Hackers ‘extremely likely’ to attack as NUI Galway goes back online

The head of tech security at NUI Galway has said it is “extremely likely” the university will be targeted by hackers again when it begins to open up its IT systems to the internet over the coming days.

“It’s extremely likely even the same gang that attacked us, or friends of theirs, are likely to come in and have another go at us, so we have to have our security in a much better place than it was previously,” staff were told this week.

Many students are missing out on online classes and assignments because, while staff have also raised complaints that seven weeks on from the cyberattack, they still do not have access to wifi or servers within the university.

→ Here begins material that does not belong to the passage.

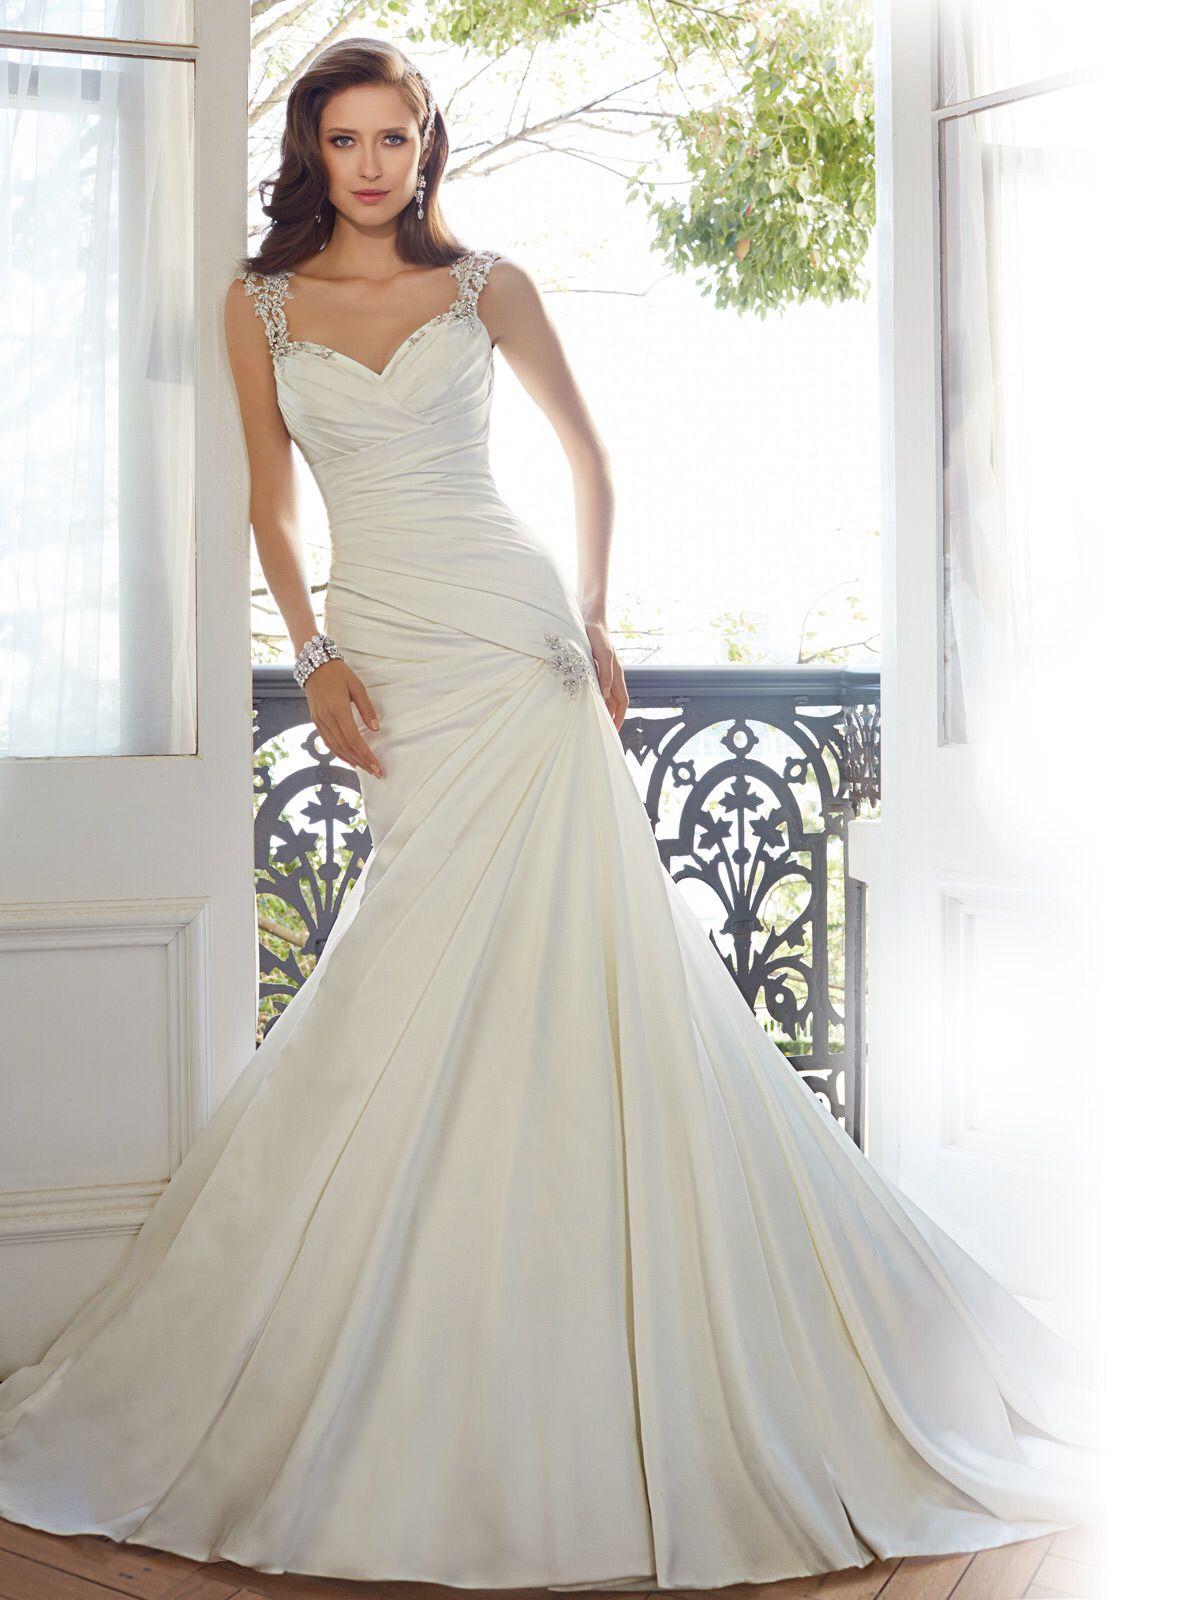 Lace strap wedding dress  No lace no tulle  Wedding stuff  Pinterest  Wedding stuff and
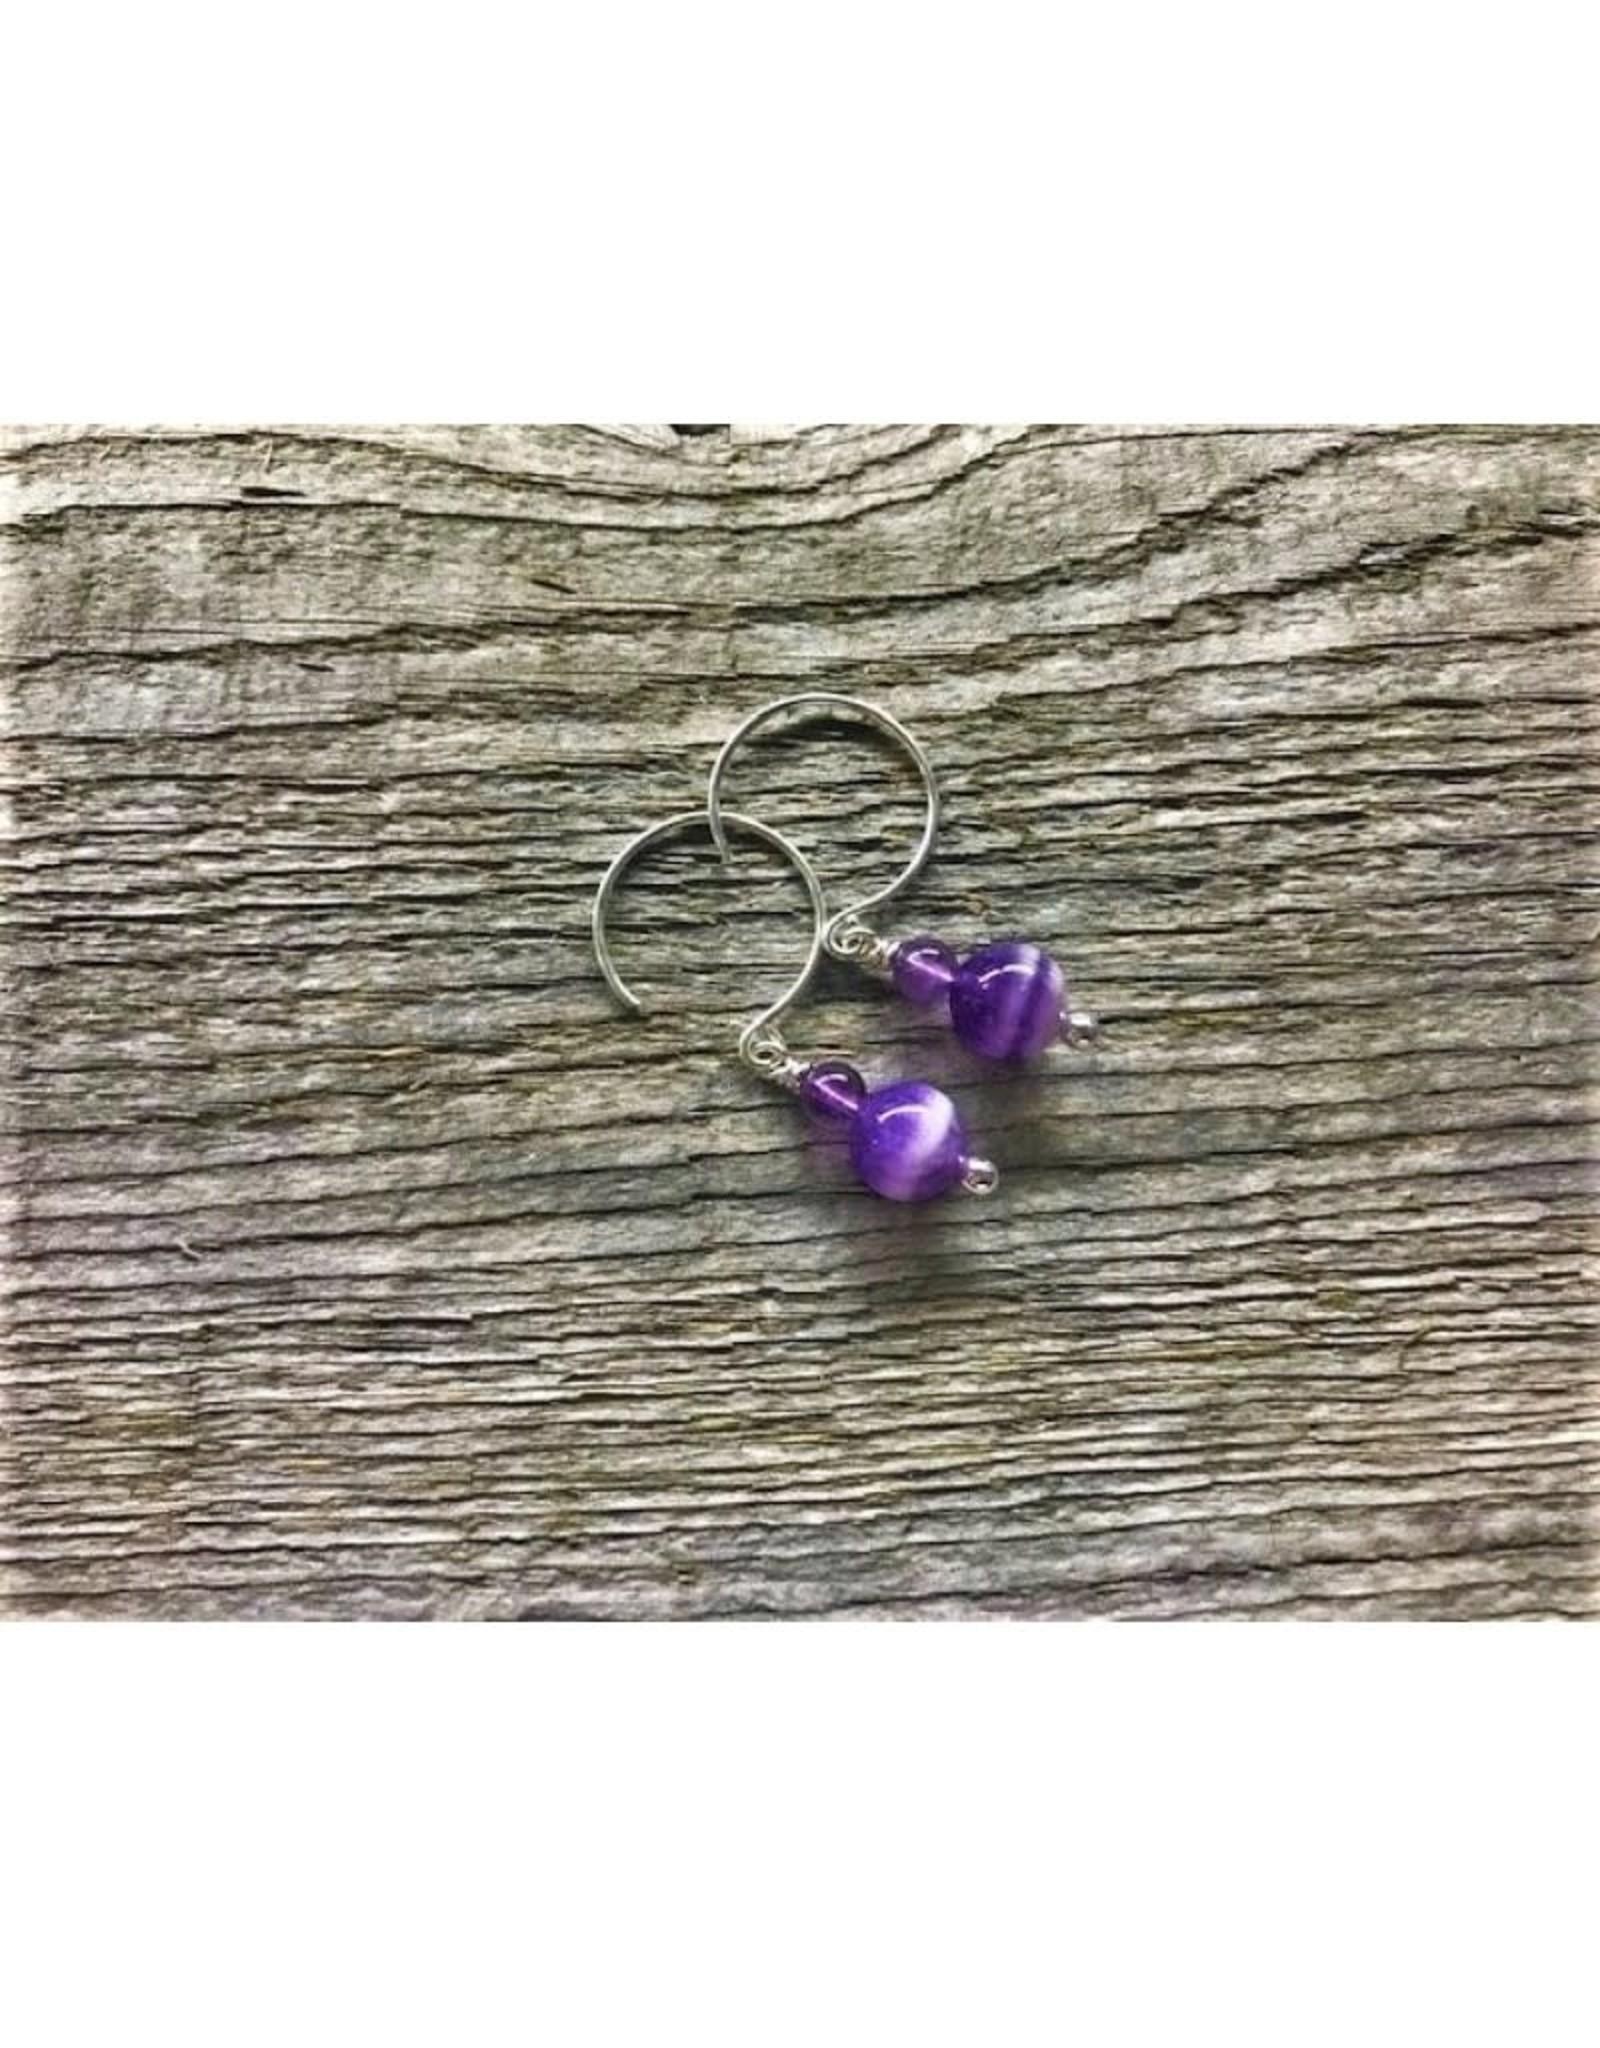 Circle Earrings - Amethyst 2 Bead

The college is continuing to work alongside KPMG’s Digital Forensics Incident Response Team, as well as Interpol and Gardaí – officials confirmed NUIG is always being “probed” by potential hackers looking for weaknesses in its IT systems.

Declan Staunton, Head of Research, Architecture and Strategy in the college’s ISS (Information Solutions and Services) Department told staff this week that internet connections are now being restored following the cyberattack in September.

He described it as “the most dangerous point” in the recovery of systems within NUIG because “communications pathways are being opened to the internet”.

The college shut down the majority of its IT infrastructure following the discovery of malware (malicious software used by hackers) – it has 6,000 PCs and 500 servers on its campus.

NUIG President Ciarán Ó hÓgartaigh admitted the college had been “knocked for six” by the attack.

The intended target within the college of the attack has been identified and the source is continuing to be investigated by tech experts along with Gardaí and Interpol.

College officials have stressed that it was not a ransomware attack – where hackers encrypt data and demand ransom to release it – because no data was accessed.

Speaking to staff this week, Declan Staunton described it as “quite a chaotic time” within the college.

He explained that the college is in the final phase of recovery from the cyberattack in which internet connections will be restarted. In the coming days, the college hopes to have “80-90%” back online, but it will be “well into the New Year” before all servers are back.

“This is the most dangerous point of the recovery, because the communications pathways are being opened to the internet and it makes it very likely we’ll get attacked again. We know for certain we’re always being probed.

“It’s extremely likely even the same gang that attacked us, or friends of theirs, are likely to come in and have another go at us, so we have to have our security in a much better place than it was previously,” Mr Staunton told staff.

He said the college has enhanced its threat monitoring software and introduced additional monitoring in its data centres which feeds information constantly to an external company.

John Gill, Chief Operating Officer of NUIG, accepted the attack and the recovery process had been long and frustrating, but necessary to allow it to happen safely.

“The recovery process has been painstaking. Our view, as informed and advised by KPMG, was that the last thing you want to do is recover quickly and have the malware still evidence or still present in your environment and allow it back into action.

“The decision was taken to shut down the university network to disable it from the internet – the purpose of that was to contain the attack and limit any potential damage the malware might cause.

“On hindsight, that decision was a very wise one, as it achieved containment and prevented the malware from communicating with external sources and encrypting out data, which was critically important,” Mr Gill said.

The university contacted other cyberattack victims, including the HSE, to learn from their experiences.

According to NUIG authorities, ‘wired’ access to the internet has been restored on teaching PCs, in PC suites and in the library.

However, staff and students have complained that wired access has still not been restored in many parts of the campus, and that they cannot connect to temporary wifi hotspots.